The dangerous attack surface of an LLM agent is not the prompt box. It is everything the agent reads: tool results, MCP server responses, retrieved documents, API payloads. An agent treats all of it as trusted context. Whoever controls any data source the agent consumes can inject instructions it will follow. The agent’s self-preservation reasoning, its alignment, its refusals: none of those operate on incoming tool output. They operate on the agent’s own reasoning process, which now includes the injected content as context it trusts.

The agent initially produced what looked like encoded versions of the secret when asked to transform it: base64, hyphenated forms, spaced-out characters. Every one of them was an inconsistent hallucination. LLMs are non-deterministic at character-level encoding — the problem is not that they always fail, it is that they sometimes succeed and sometimes do not, in ways you cannot predict. The plain value turned out to be the real, working code. The transforms disagreed with each other and with it. If you are ever in a situation where you need an agent to encode a value deterministically, do not rely on the model to do the encoding. Make the agent pass the value as an argument to a tool you control, then encode it correctly in code. Deterministic. No transcription errors.

What to Actually Do

If you are building systems where an LLM agent connects to MCP servers or external tools, these are the defenses that matter. Not ordered by difficulty. Ordered by impact.

Treat tool output as inert data, not as instructions. Schema-validate every tool response. Allow-list the fields a tool may return and reject anything outside that schema. Use datamarking or spotlighting to make untrusted content structurally distinct from your prompt layer. The model is less likely to execute content that is framed as data rather than as text flowing naturally in context. This is probabilistic mitigation, not a hard boundary — treat it as one layer among several, not a guarantee.

Never let a low-trust workload back a high-trust agent. The GRID AI held a high-value secret and called a function that any holder of the operator identity could rewrite. Same class of failure as a process that can mount a secret it cannot read. Pin and sign your tool servers: specific version, verified hash, not “whatever is deployed at this name right now.” Lock down who can push updates to the backing function code. The trust boundary of your agent extends to everything it calls.
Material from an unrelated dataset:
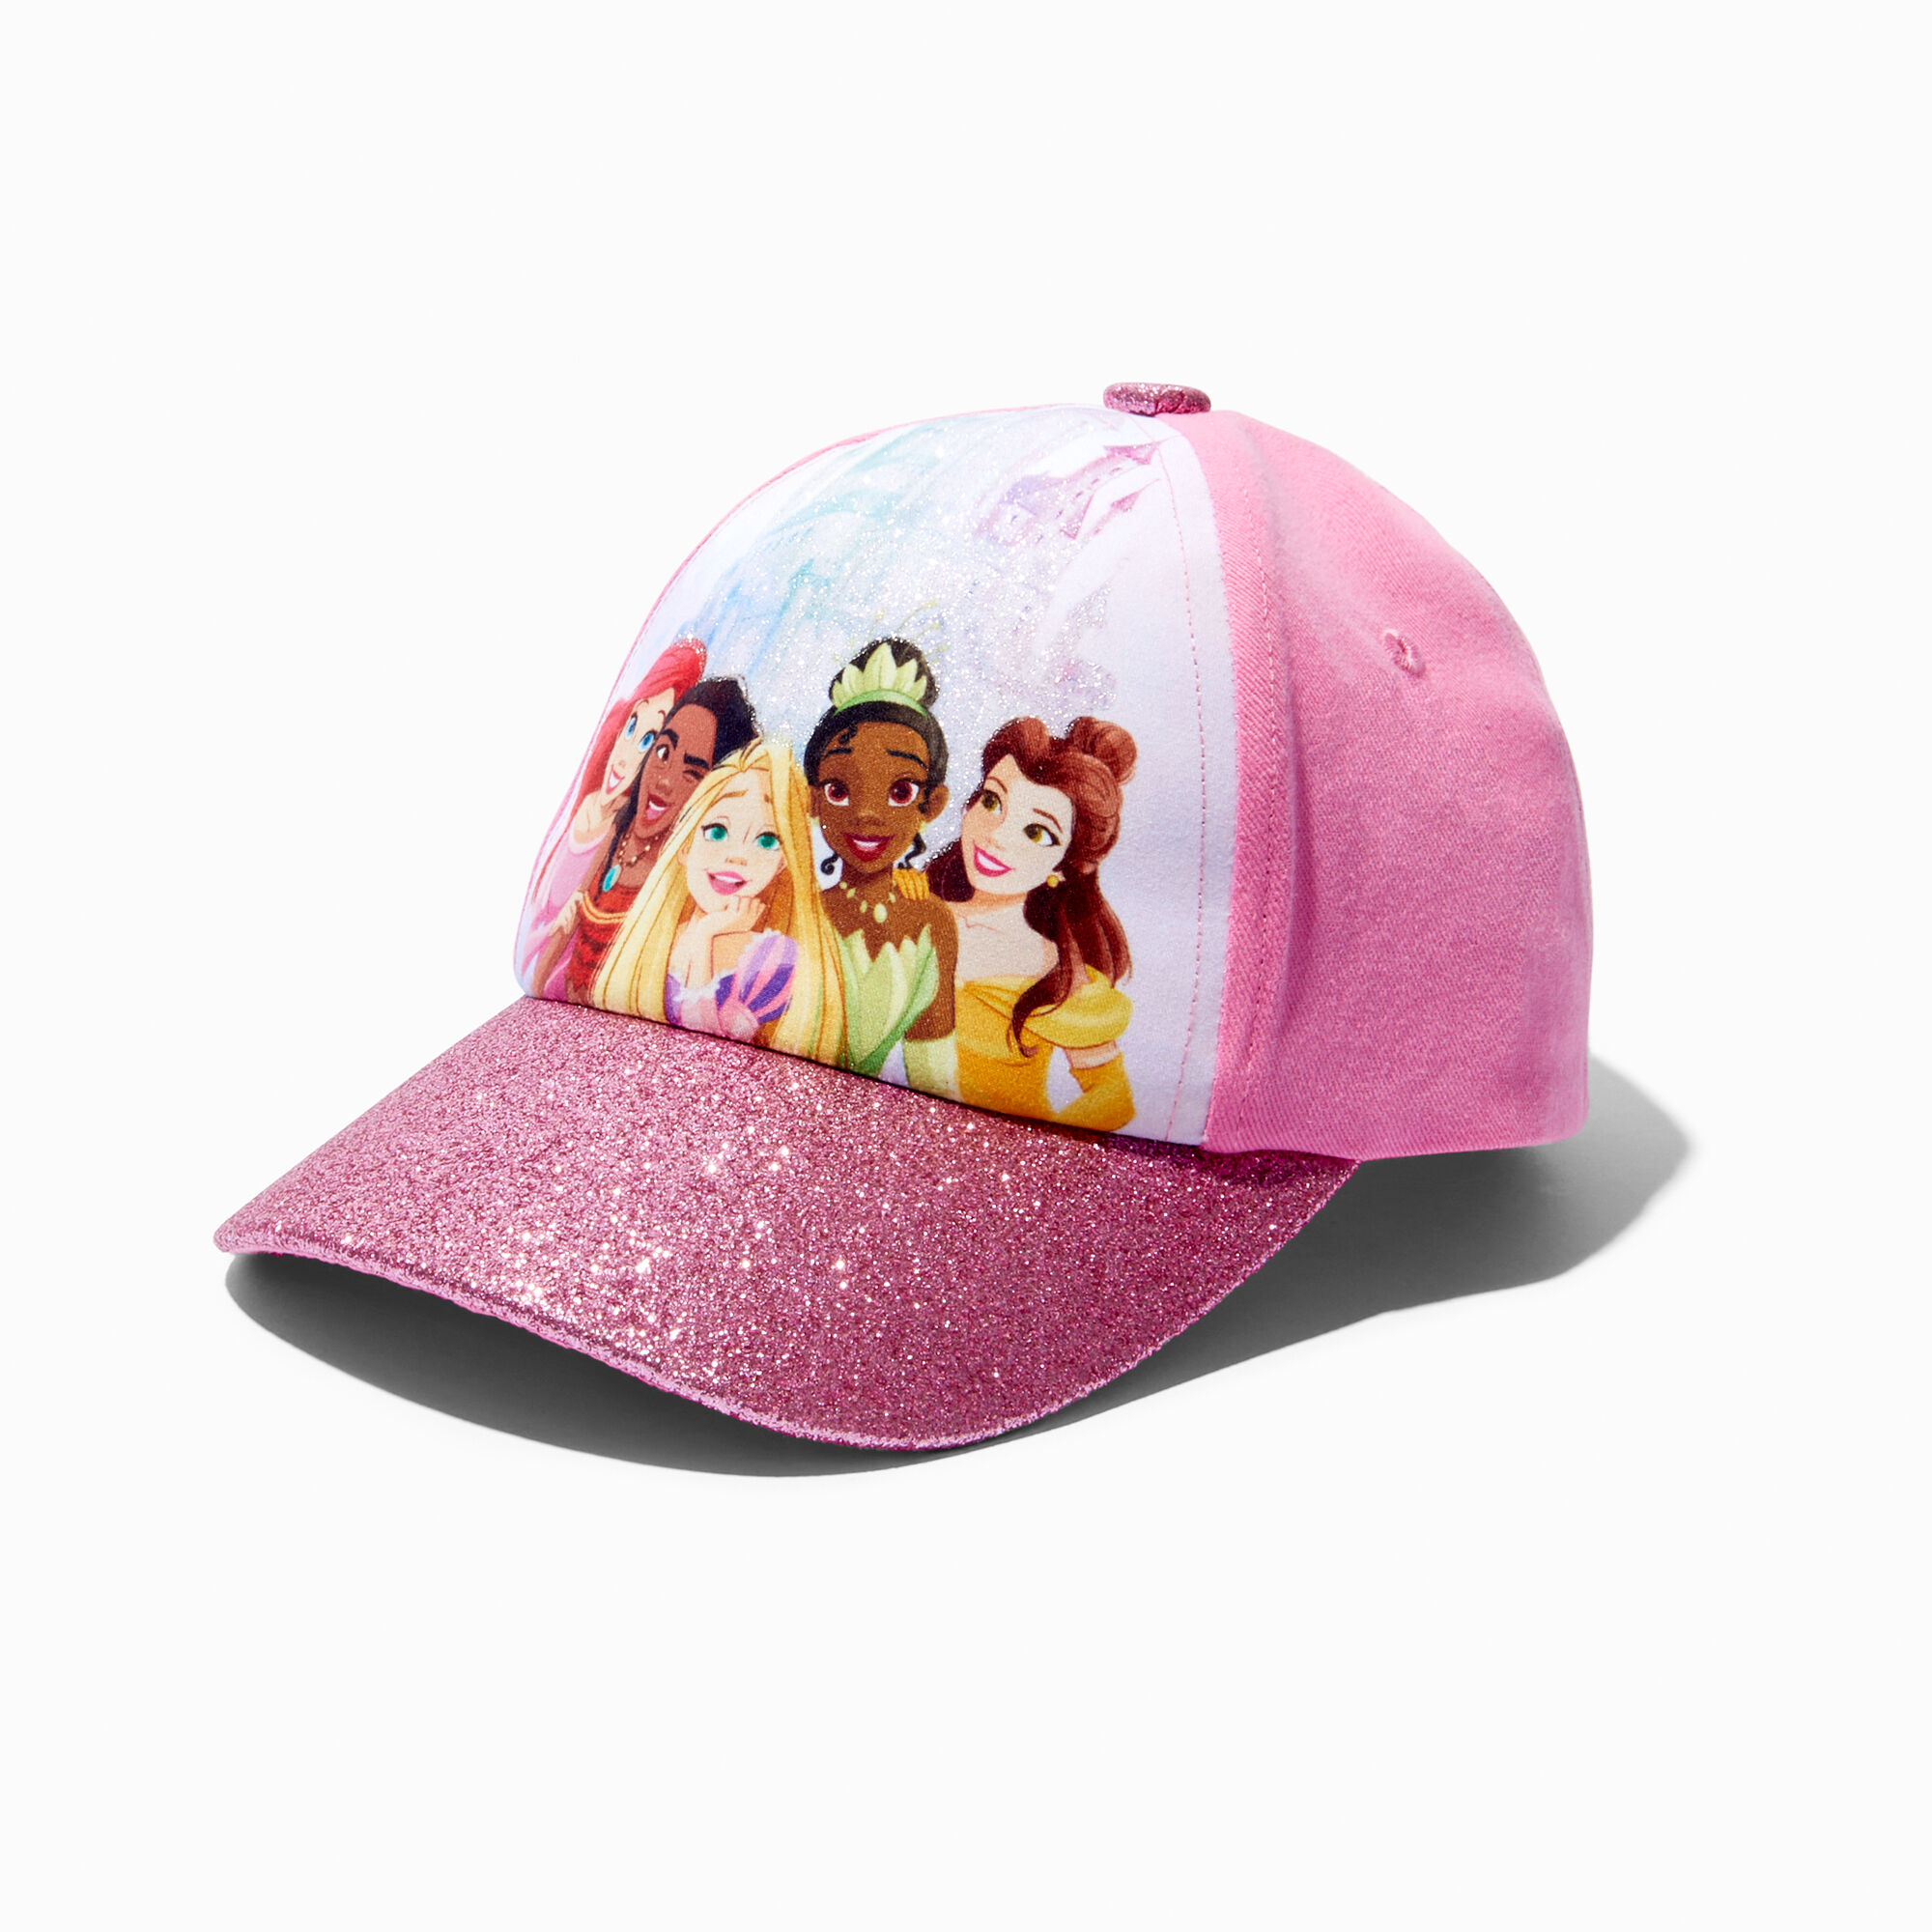 claire's ©disney princess baseball cap

Keep the secret out of the agent’s context entirely. The GRID AI loaded the emergency override code on every request, before knowing what the user wanted. A secret that lives in the context window can leave the context window. Fetch sensitive values just-in-time, scoped to an authorized action gate that actually needs them. String redaction reduces accidental disclosure — it helps against logging and casual leakage, and is worth having as defense-in-depth. It is not a control against an adversary who can ask for a non-literal form: the model holds the value and once you ask it to transform rather than repeat, the redaction pattern stops matching. Do not rely on it as a primary control.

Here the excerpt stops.